Think about the last time you signed up for a new app. You tapped “I Agree” without reading a word, and moved on. That data — your name, phone number, location, maybe your spending habits — went somewhere. Until 2023, there was no law in India that clearly said where it could go, who could use it, or for how long. Data flowed freely, and individuals had no formal recourse. The Digital Personal Data Protection Act 2023 exists because that gap had become too large to ignore.

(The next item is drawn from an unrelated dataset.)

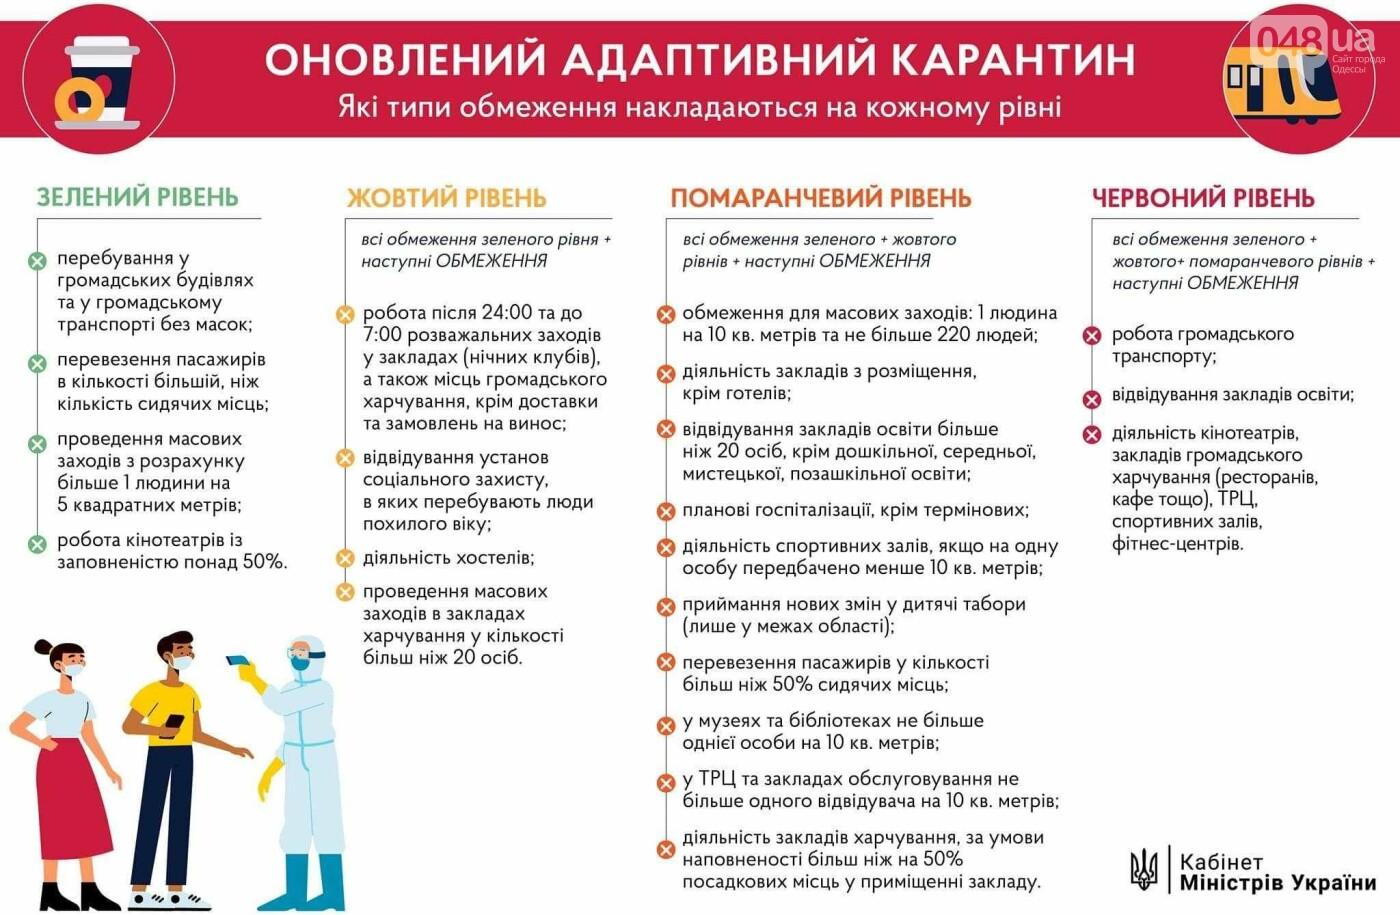 Одесса попала в оранжевую карантинную зону: что запретят, - КАРТА, СПИСОК2

The foundation was laid in 2017, when the Supreme Court’s Puttaswamy judgment declared privacy a fundamental right. But a fundamental right without a corresponding law is like a constitutional promise without a delivery mechanism. For six years after that judgment, India’s digital economy grew at a remarkable pace — UPI transactions, health records, e-commerce behaviour, telecom data — all of it accumulating with no unified framework to govern its use. The DPDPA 2023 is that framework finally arriving.

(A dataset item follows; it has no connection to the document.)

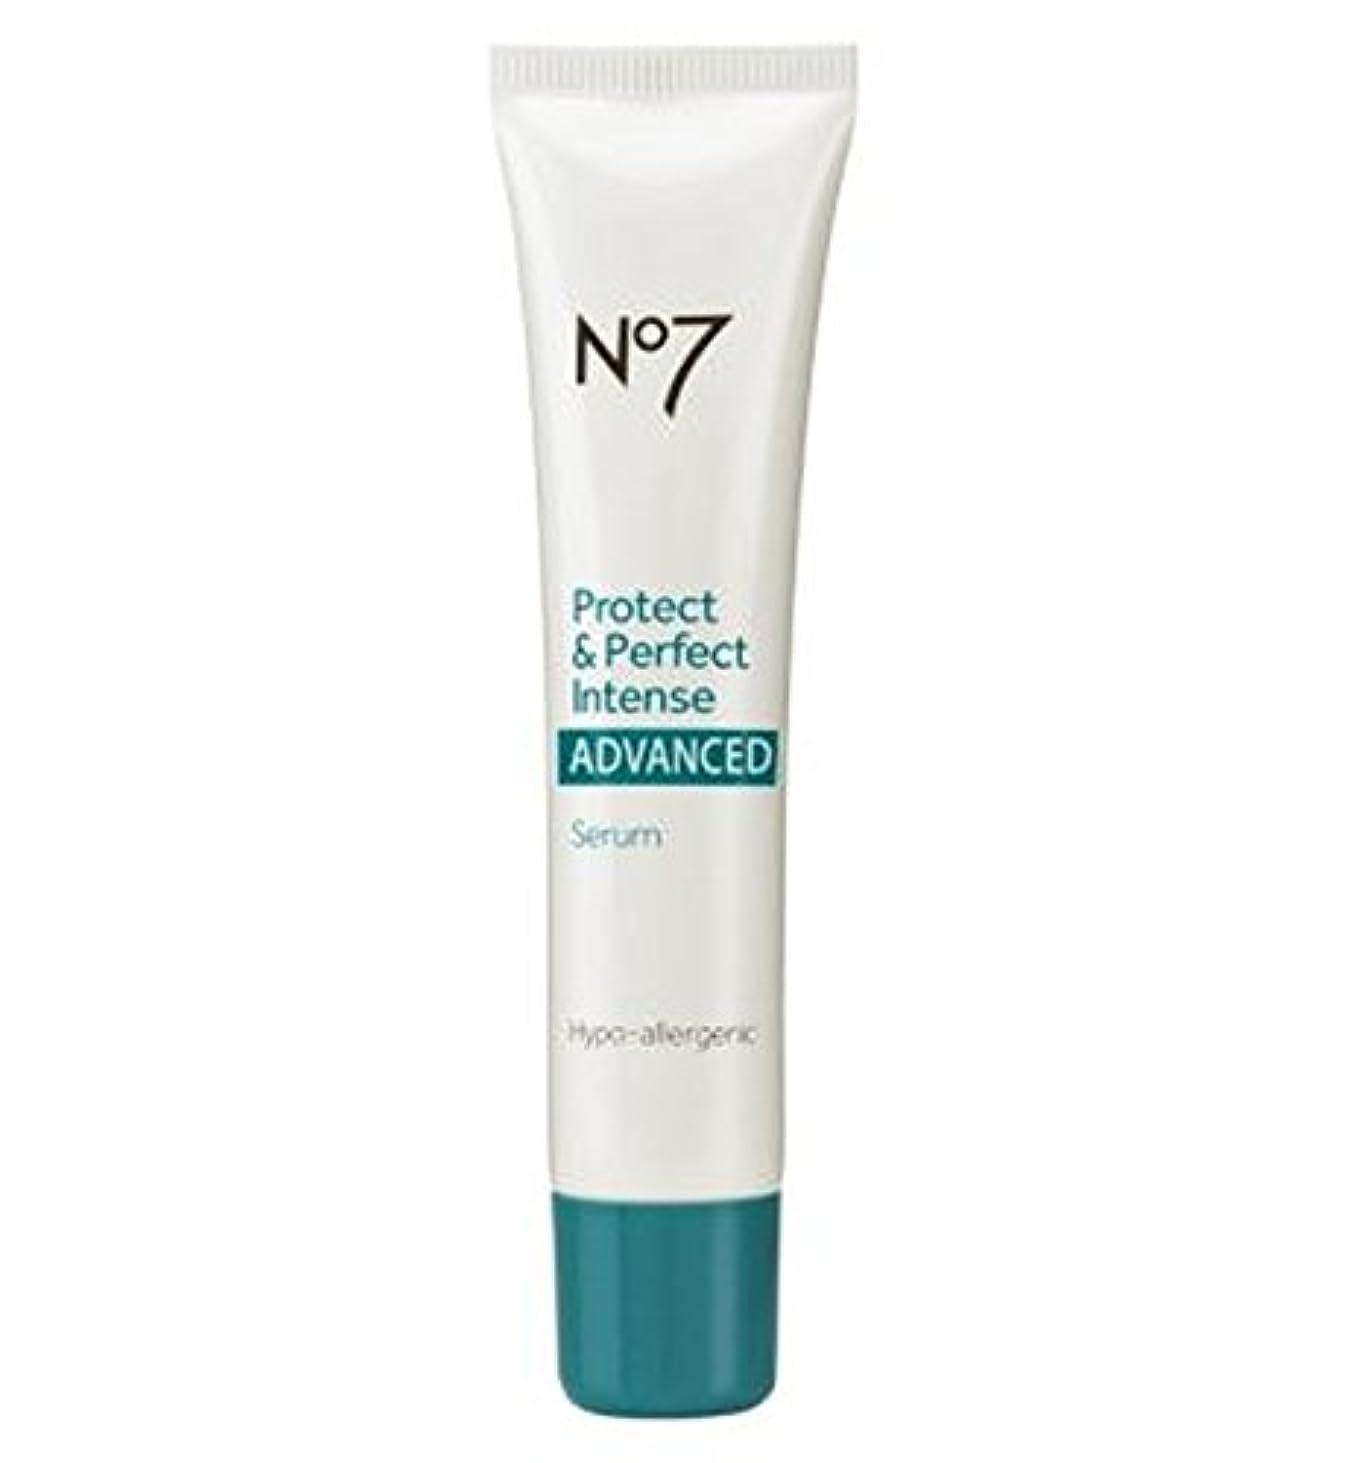 おかしい論争的遺体安置所No7保護&完璧な強烈な高度な血清30ミリリットル (No7) (x2) - No7 Protect & Perfect Intense ADVANCED Serum 30ml (Pack of 2) [並行輸入品]

Why India Needed a Data Protection Law

What makes this law significant is not just that it exists, but what it signals. India is formally saying that personal data belongs to the individual it describes, that its use must be governed, and that the entities handling it carry real responsibility. For a country where digital adoption has outpaced digital literacy, this law is less about restriction and more about establishing the basic rules of a game that has been played without a rulebook for far too long.